I am trying to use least squares to solve a problem of the form $$ u=-Kv $$ where $u$ and $v$ are $3$-dimensional vectors, and $K$ is a $3\times3$ matrix. I want to estimate $K$, given $u$ and $v$. I have multiple data for $u$ and $v$, setup with the hope that the different data points are sufficiently linearly independent that a unique solution exists.
The way I have proceeded to do this is setup the problem as a traditional least-squares problem $$ Ax=b, $$ where $b$ is now all the data I have for the $3$ elements of $u$, and $A$ has all the data for $v$, and $K$ has been expanded into a vector $x$, where $x = (K_{11}, K_{12}, K_{13}, K_{21},\ldots, K_{33})$.
Due to some physical reasons I want to add an extra constrain.
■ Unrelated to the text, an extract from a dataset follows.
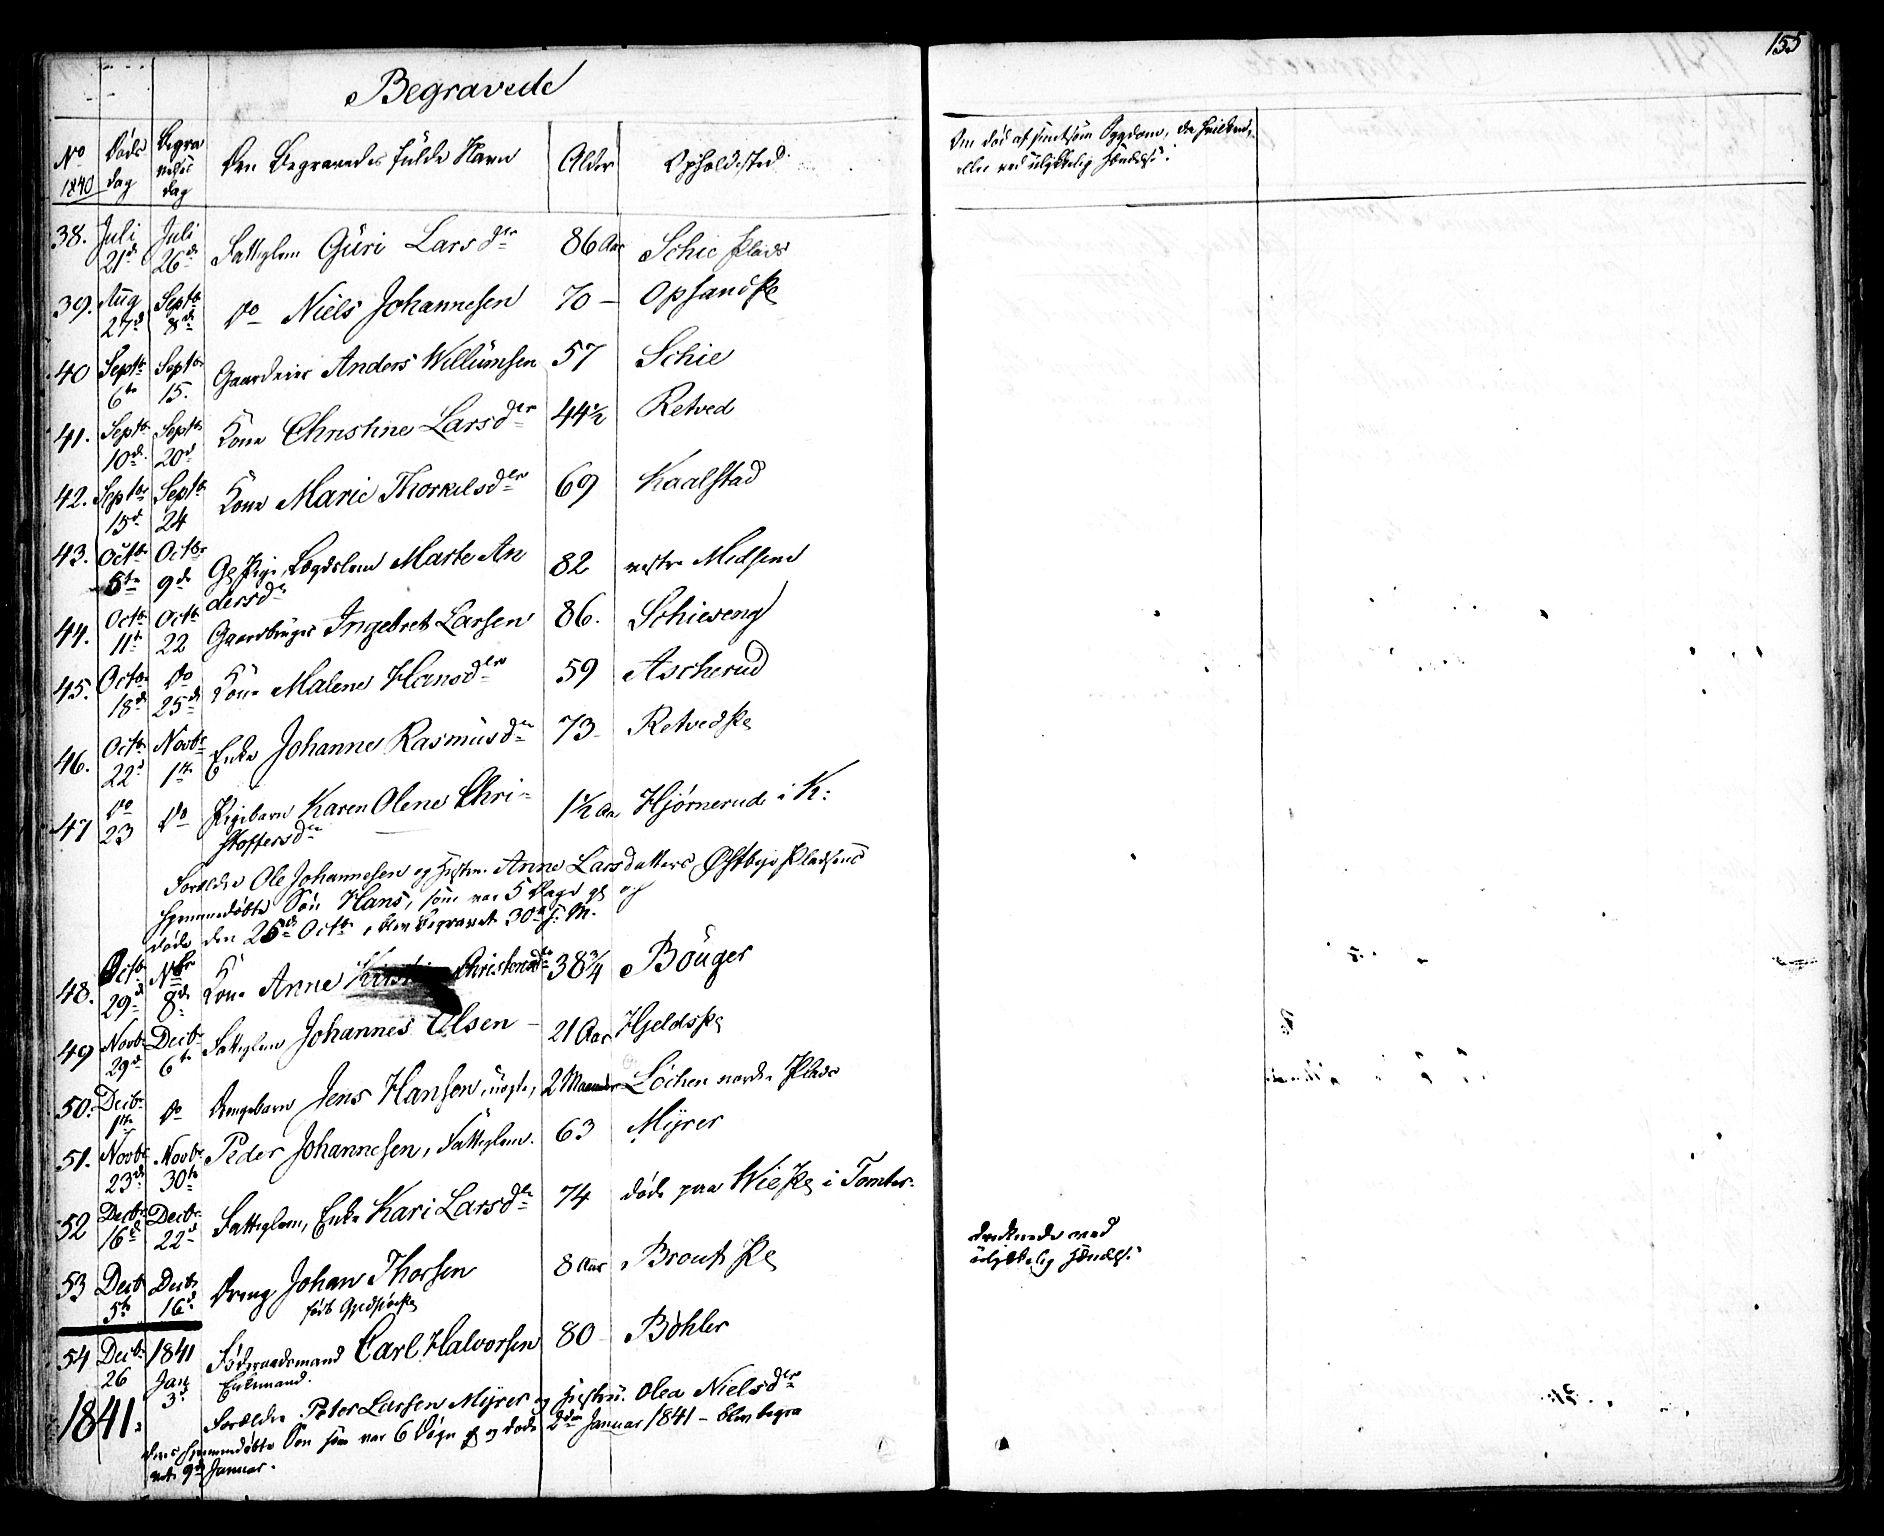 SAO, Kråkstad prestekontor Kirkebøker, F/Fa/L0005: Ministerialbok nr. I 5, 1837-1847, s. 155

The constrain is that if I break the matrix K into a symmetric and antisymmetric part, $$ K=S+A, $$ then the eigenvalues of $S$ should be positive, or at least $2$ of them be positive. In particular, $S$ will have $3$ eigenvalues, $(\lambda_1,\lambda_2,\lambda_3)$. In my problem $\lambda_1,\lambda_2\gg\lambda_3$, and I would like $\lambda_1,\lambda_2>0$.
The physical reason is that $\lambda_1,\lambda_2$ are representative of diffusivities, and negative diffusivities are usually unjustifiable on physical grounds.
In my current solution, where I apply no constrains, the eigenvalues end up being positive almost everywhere (>80% times). I think the places where the values are turning out to be negative are regions where the data in $u$ and $v$ (or $A$ and $b$) is not sufficiently linearly independent (any help on a good metric to check this would also be appreciated).